Nondimeno, le competenze della ICC furono pensate per razionalizzare e semplificare la gestione del trasporto ferroviario, superando la situazione caotica che si era venuta a creare con la sovrapposizione di norme in parte contraddittorie, varate dai singoli Stati, che finivano per intralciare le società che operavano in ambito nazionale.

Esperienze positive recenti

Altre agenzie regolamentatrici sono sorte proprio per rendere più efficiente l’amministrazione federale. Uno dei casi più recenti e significativi è stato quello della creazione del Consumer Financial Protection Bureau (CFPB), fondato nel 2010 per razionalizzare e semplificare la protezione dei consumatori in campo finanziario, accorpando agenzie preesistenti, dopo l’esperienza della cartolarizzazione dei mutui subprime che aveva concorso in maniera rilevante alla grande recessione iniziata nel 2008.

Dalla sua nascita il CFPB ha ottenuto la restituzione di circa 21 miliardi di dollari ai consumatori e ha emanato norme contro gli abusi nella concessione dei mutui per l’acquisto della casa e dei prestiti agli studenti per pagarsi il college e l’università, una delle voci maggiori di indebitamento per gli statunitensi (oggi gravano su circa 45 milioni di individui per un ammontare medio di 30.000 dollari a testa).
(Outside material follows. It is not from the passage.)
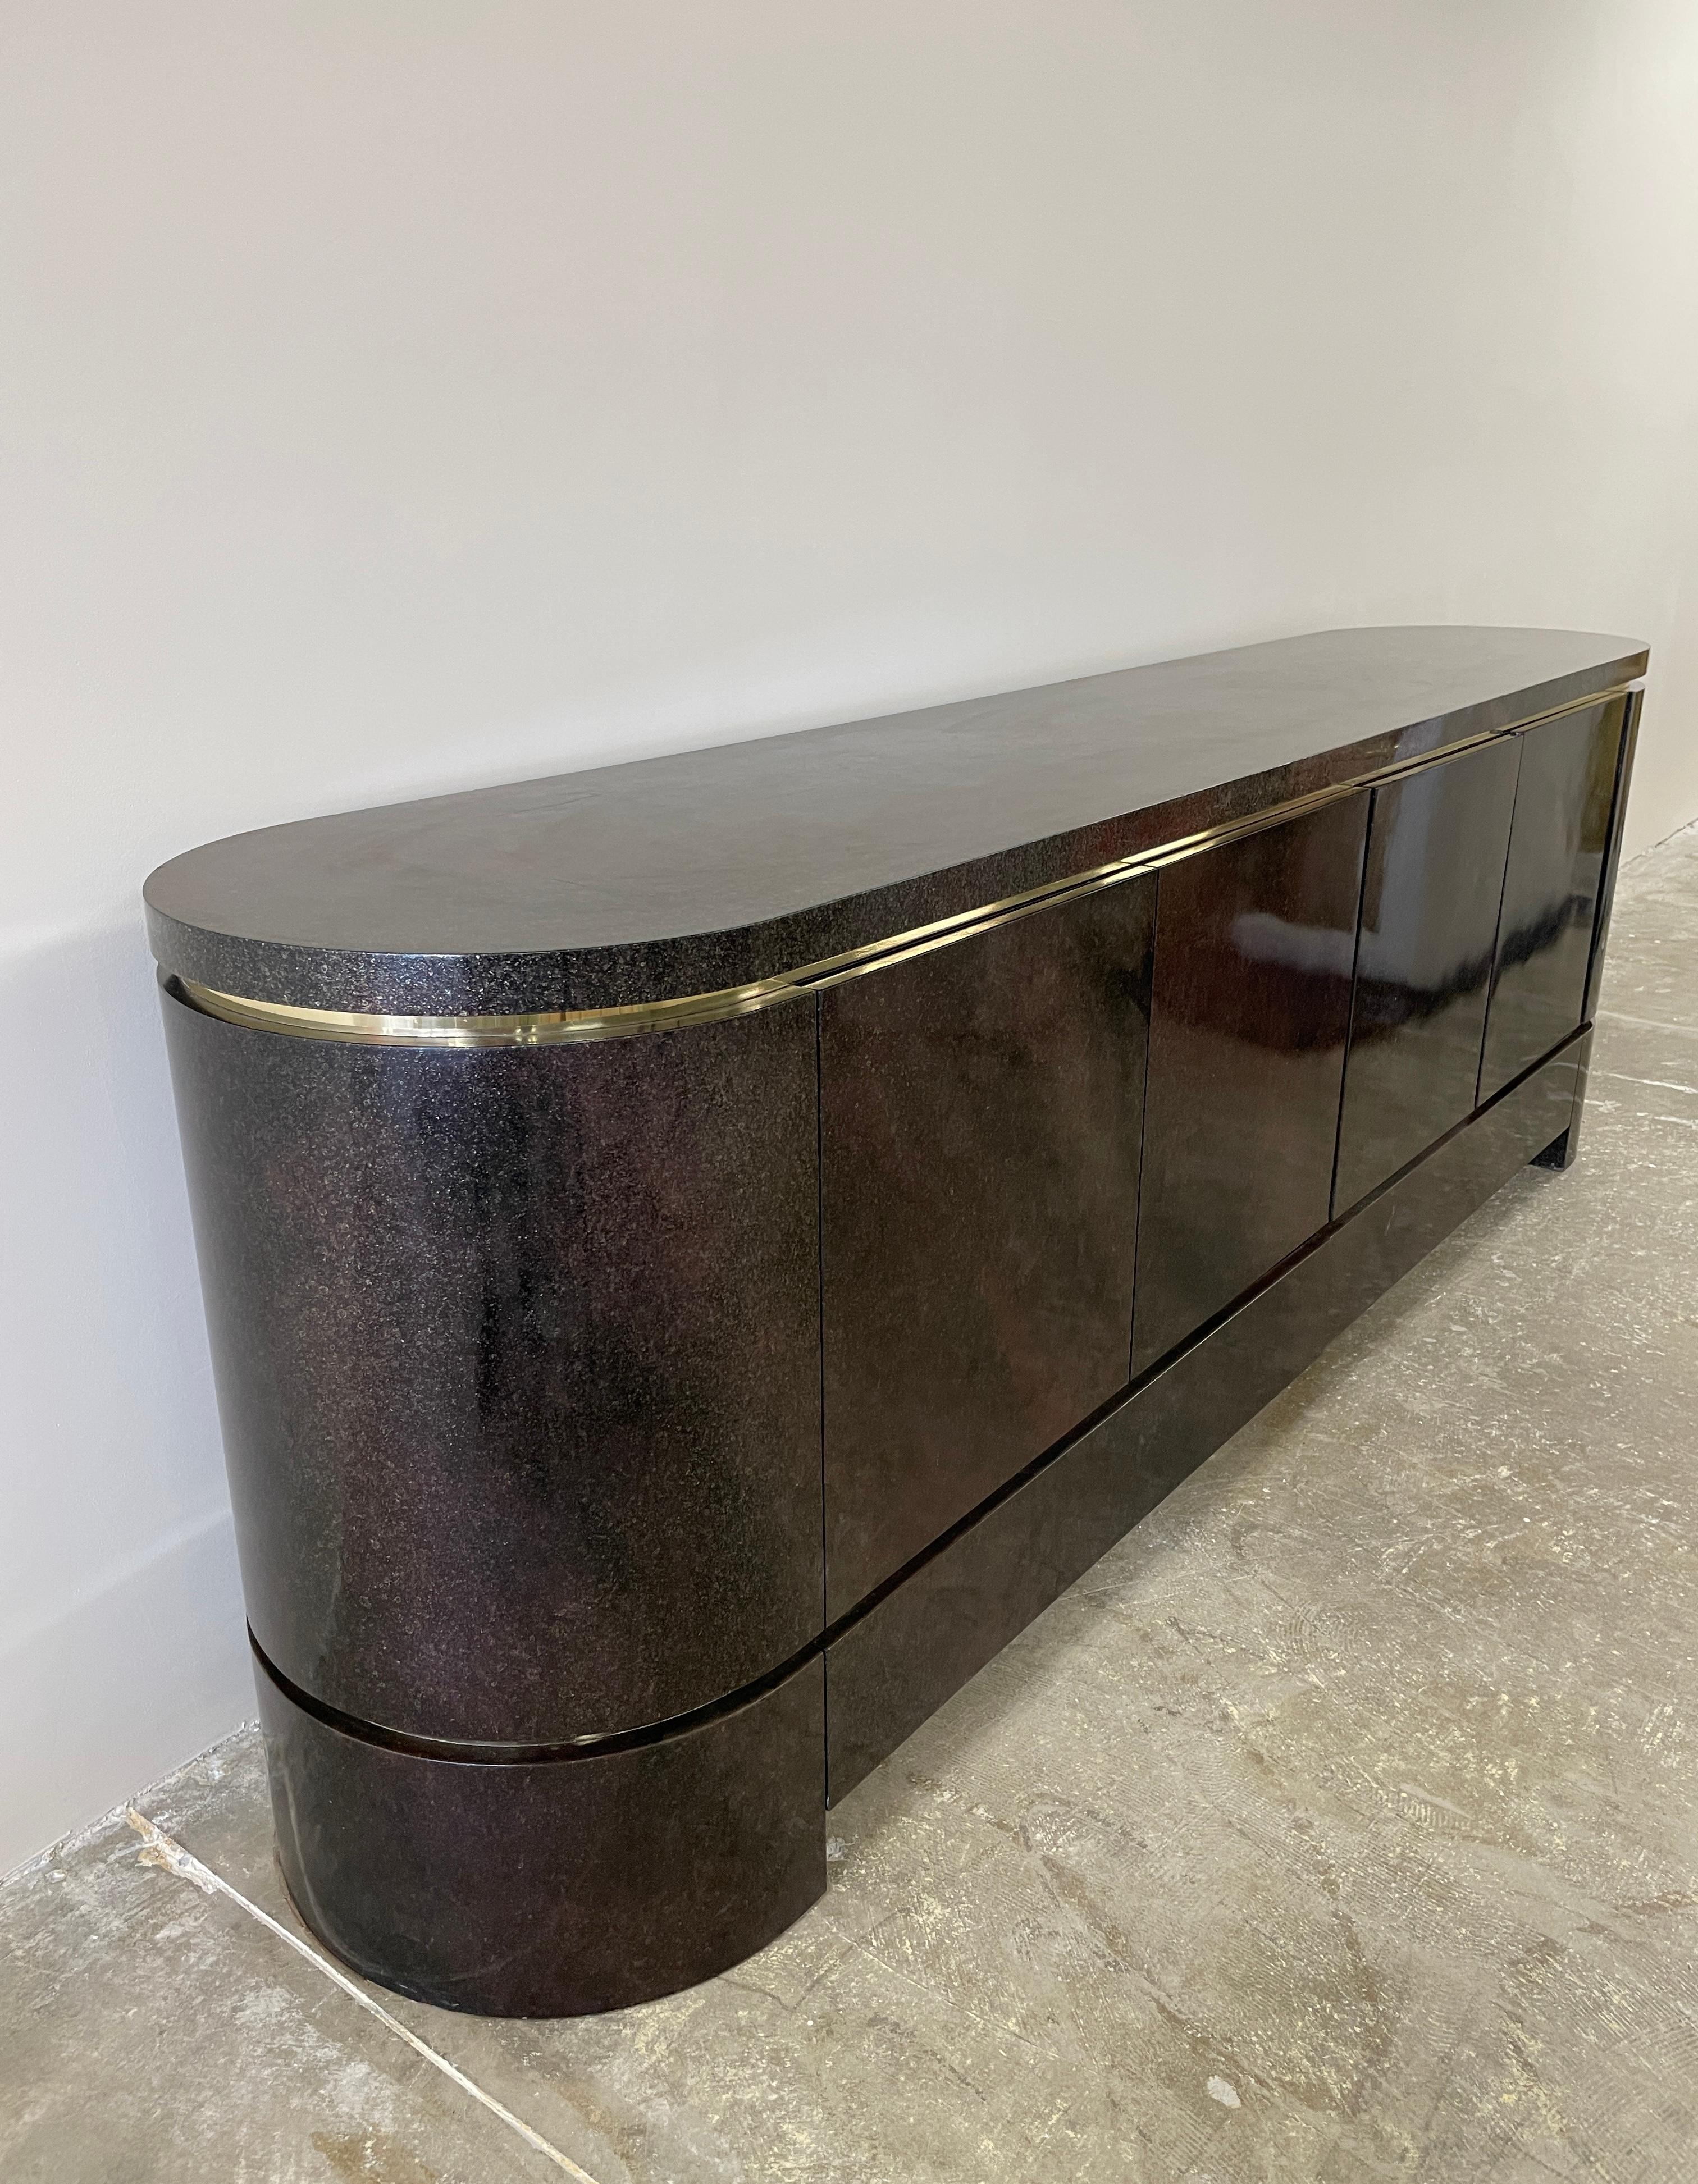 Italian Vintage 70's Lacquered and Brass Sideboard Credenza by Aldo Tura for Leonardo  For Sale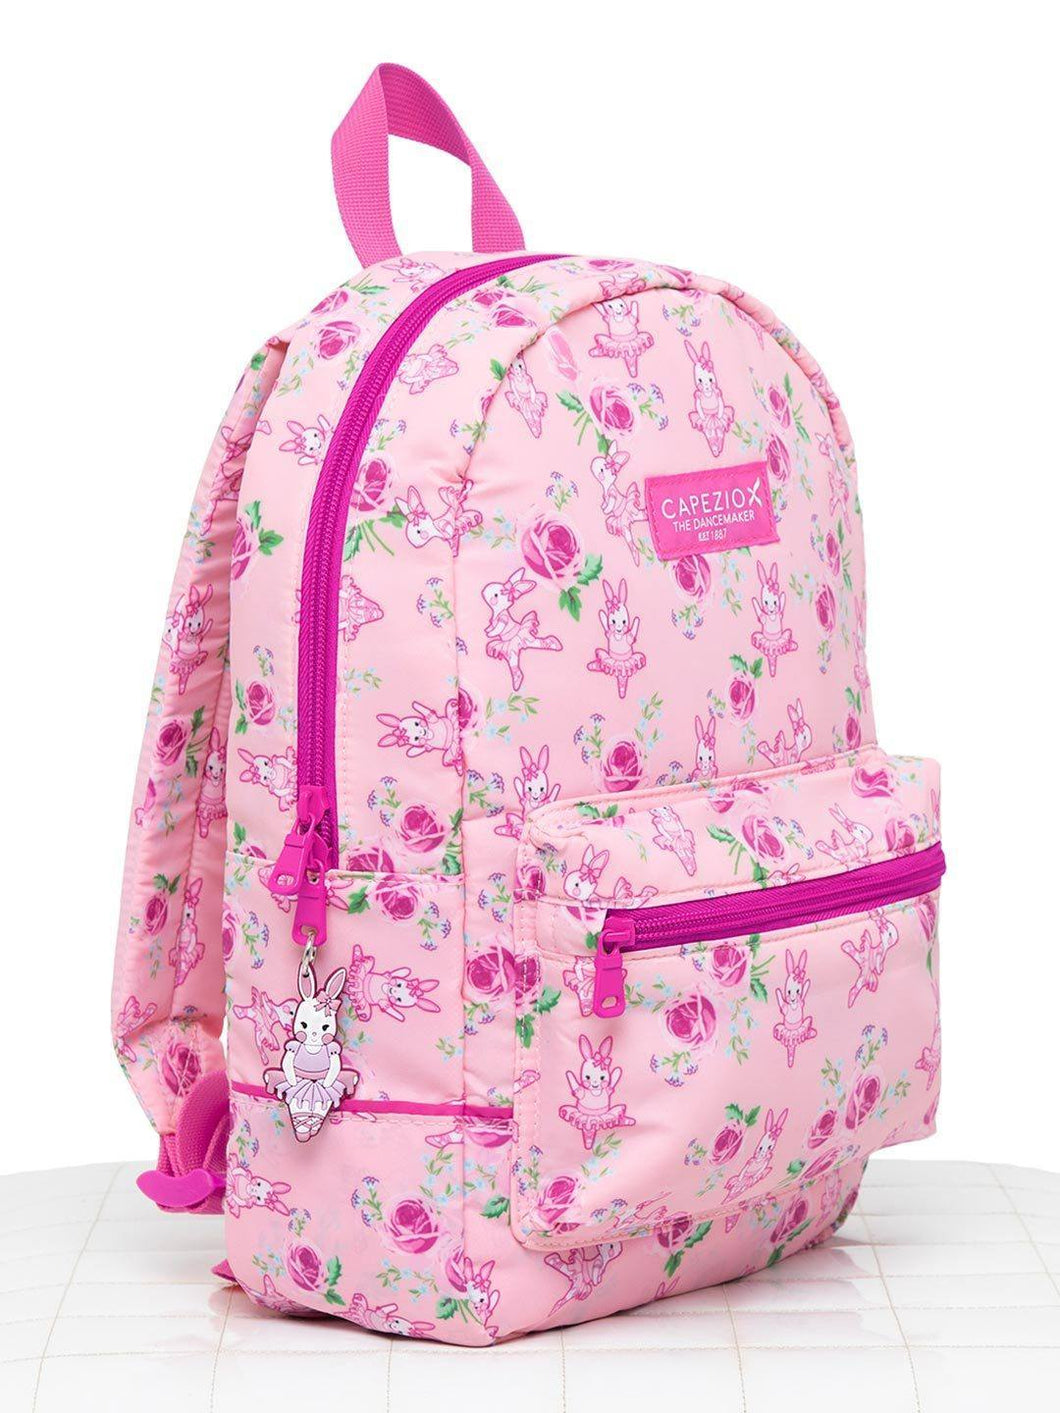 Capezio Some Bunny Loves You Backpack

Il CFPB, che lo scorso anno aveva un personale di circa 1.800 dipendenti, è stato anche una delle agenzie maggiormente prese di mira dal DOGE, che ha proposto il licenziamento del 90% del suo staff allo scopo di cancellarne l’operatività e trasformarlo – per citare il suo ex direttore, Rohit Chopra, nominato da Joe Biden e destituito da Trump all’inizio dello scorso febbraio – da “cane da guardia” a “cane da compagnia” delle società finanziarie.

Non a caso, l’estromissione di Chopra fu celebrata da Musk, allora all’apice del potere nel DOGE e nell’amministrazione Trump, con un lugubre post su X: “CFPB RIP”, cioè “riposi in pace il CFPB”.

Inoltre, la crescita del personale federale non è legata necessariamente alla moltiplicazione di burocrati incaricati di applicare una pletora di normative regolamentatrici, bensì scaturisce dal progressivo ampliamento delle funzioni dello Stato al settore assistenziale.

Oggi il dipartimento federale al quale afferisce il maggior numero di addetti civili (quindi esclusi ancora una volta il settore dei militari in servizio attivo e l’agenzia indipendente delle poste), quasi 490.000, è quello degli Affari dei Veterani, che gestisce un’ampia rete di ospedali, cliniche e centri di assistenza medica.

Alcuni aspetti di quel poco di stato sociale presente nell’amministrazione federale attestano anche una gestione contabile più efficiente di quella ipotizzata dai suoi critici. Ad esempio, la proporzione della spesa per la riforma sanitaria del democratico Barack Obama in rapporto al PIL è oggi inferiore di quasi l’1% rispetto alle stime formulate dai suoi contestatori repubblicani al momento del suo varo nel 2010.

Stato amministrativo e tecno-reazionari oggi

Sul “New York Times”, il 9 novembre 2024, Maureen Dowd ha riassunto il significato della rielezione di Trump alla Casa Bianca con la formula “woke is broke” (la cultura woke è andata in bancarotta). Lo stesso, però, non può essere affermato per lo Stato amministrativo.

Con buona pace di Fukuyama, che con il proprio avallo alla campagna di Musk per un’amministrazione pubblica semplificata e più efficiente in un articolo sul “Financial Times” del 30 maggio riecheggiava implicitamente il noto assunto secondo cui anche un orologio rotto (nella fattispecie la seconda presidenza di The Donald) segna l’ora esatta una volta al giorno, l’estromissione dell’ex capo del DOGE segna una battuta di arresto per la componente tecno-reazionaria dell’amministrazione Trump e un punto a favore di quella populista.

Del resto, questo assetto nei rapporti di forza era già evidente nella difesa a oltranza da parte di Trump di una tipica politica antiliberista espressione di una delle funzioni dello Stato amministrativo, non solo per i propri contenuti ma anche per gli strumenti attraverso i quali viene attuata: il protezionismo doganale imposto attraverso decreti presidenziali anziché per mezzo di misure varate dal Congresso.

In ogni caso, le dimissioni di Musk dimostrano la resilienza dell’amministrazione federale e la velleità di chi vorrebbe gestirla e ridimensionarla come se fosse una delle tante aziende della high tech.